第15話 アモルとプシュケ
そのまま流されるがままに桐生さんと美術館へ行く約束をし、俺の感情は揺れ動いていた。
一つは、エリシアの魂が、ほかの男と2人で出かけることに対して俺を責めている。
もう一つは、桐生さんと遊びに行くことを純粋に楽しみにしている俺の心。
桐生さんは俺のあこがれの大人だ。
物静かで、落ち着いていて、人当たりがいい。

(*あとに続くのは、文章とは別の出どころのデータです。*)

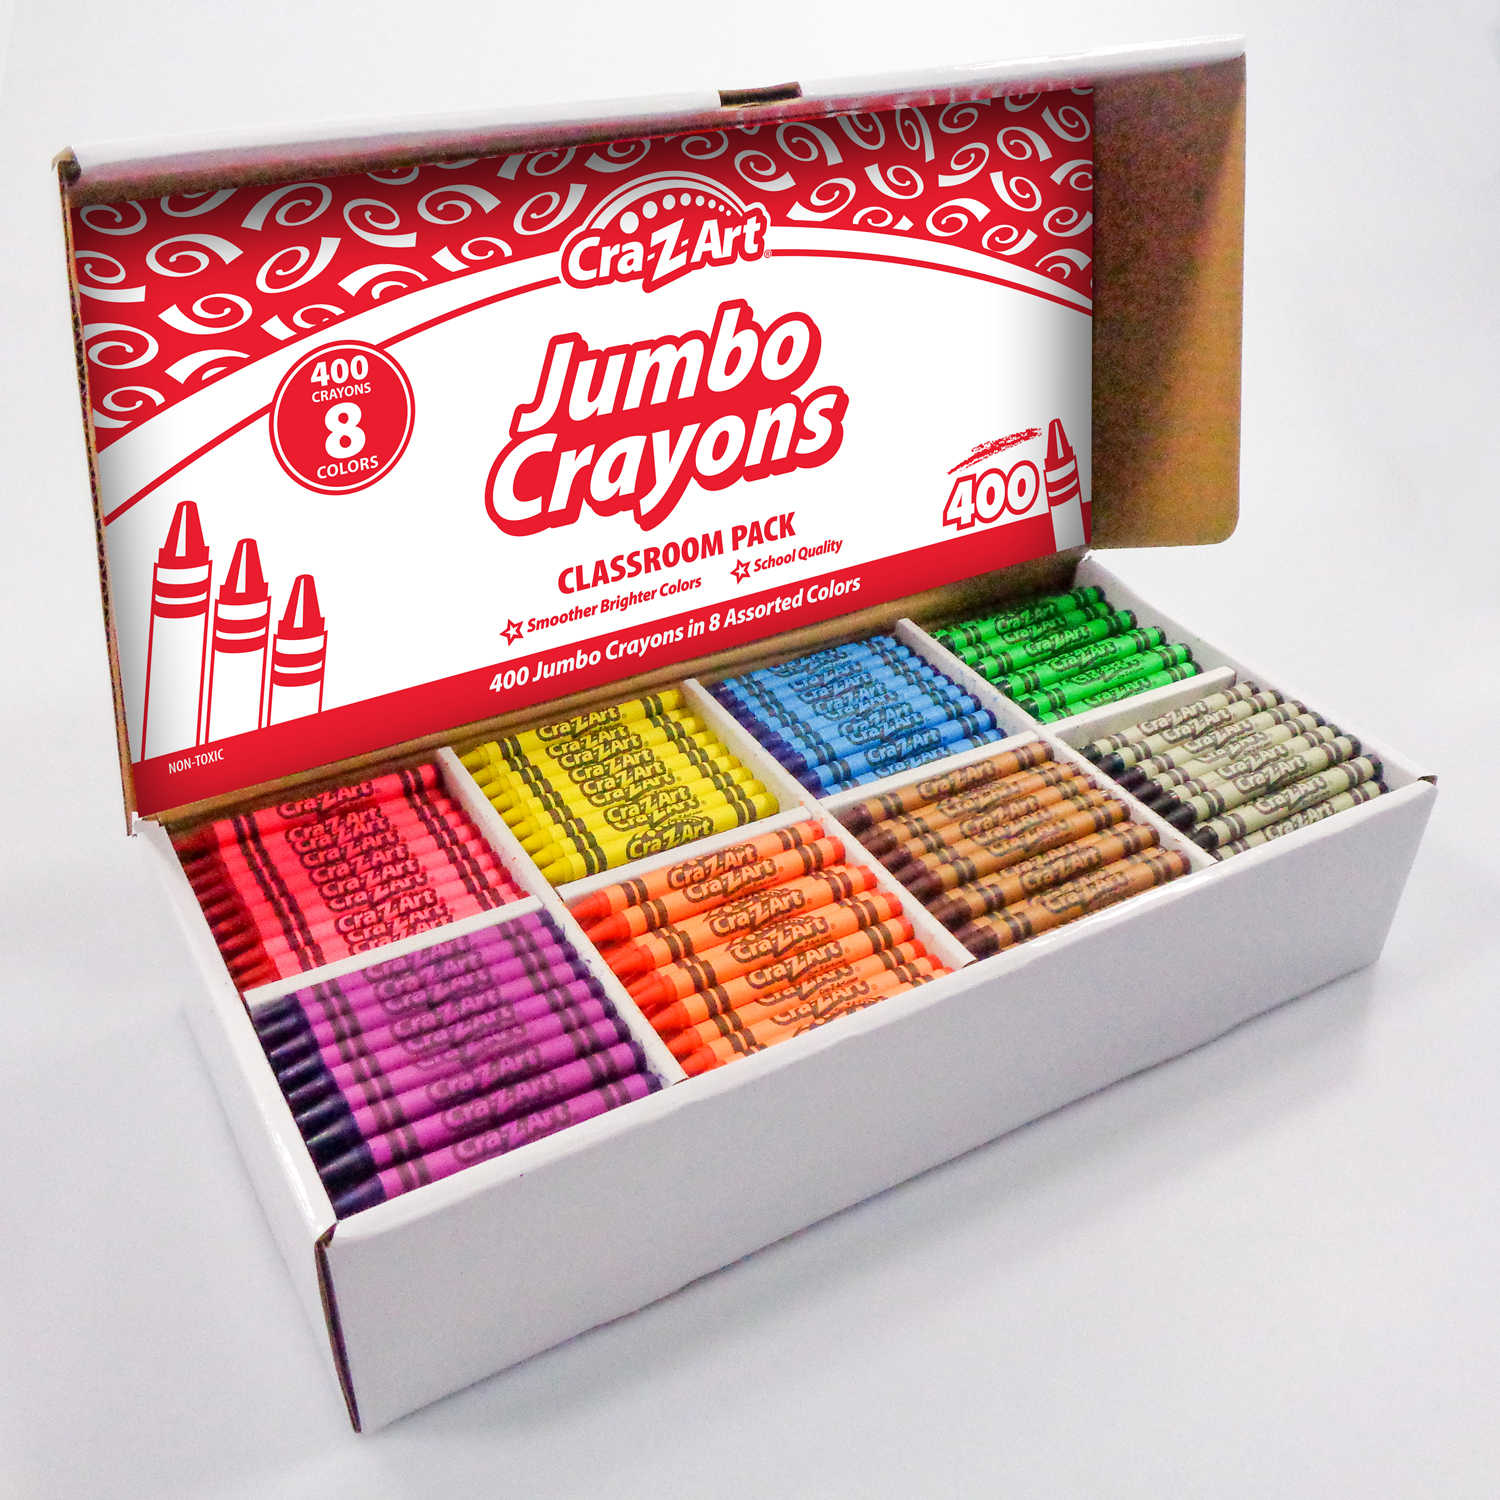 The Teachers' Lounge®  Jumbo Crayon Classroom Pack, 8 Color, Box of 400

いつもスタッフを気遣ってくれて、俺以外のスタッフとも仲が良い。
以前、難しい本を読んでいたから何を読んでいるのかと聞いたら、面倒くさい素振り一つ見せず、わかりやすく丁寧に教えてくれた。話も上手で、それまで全く興味がなかった本だって、一度読んでみようかな、と思わせてくれるからすごい。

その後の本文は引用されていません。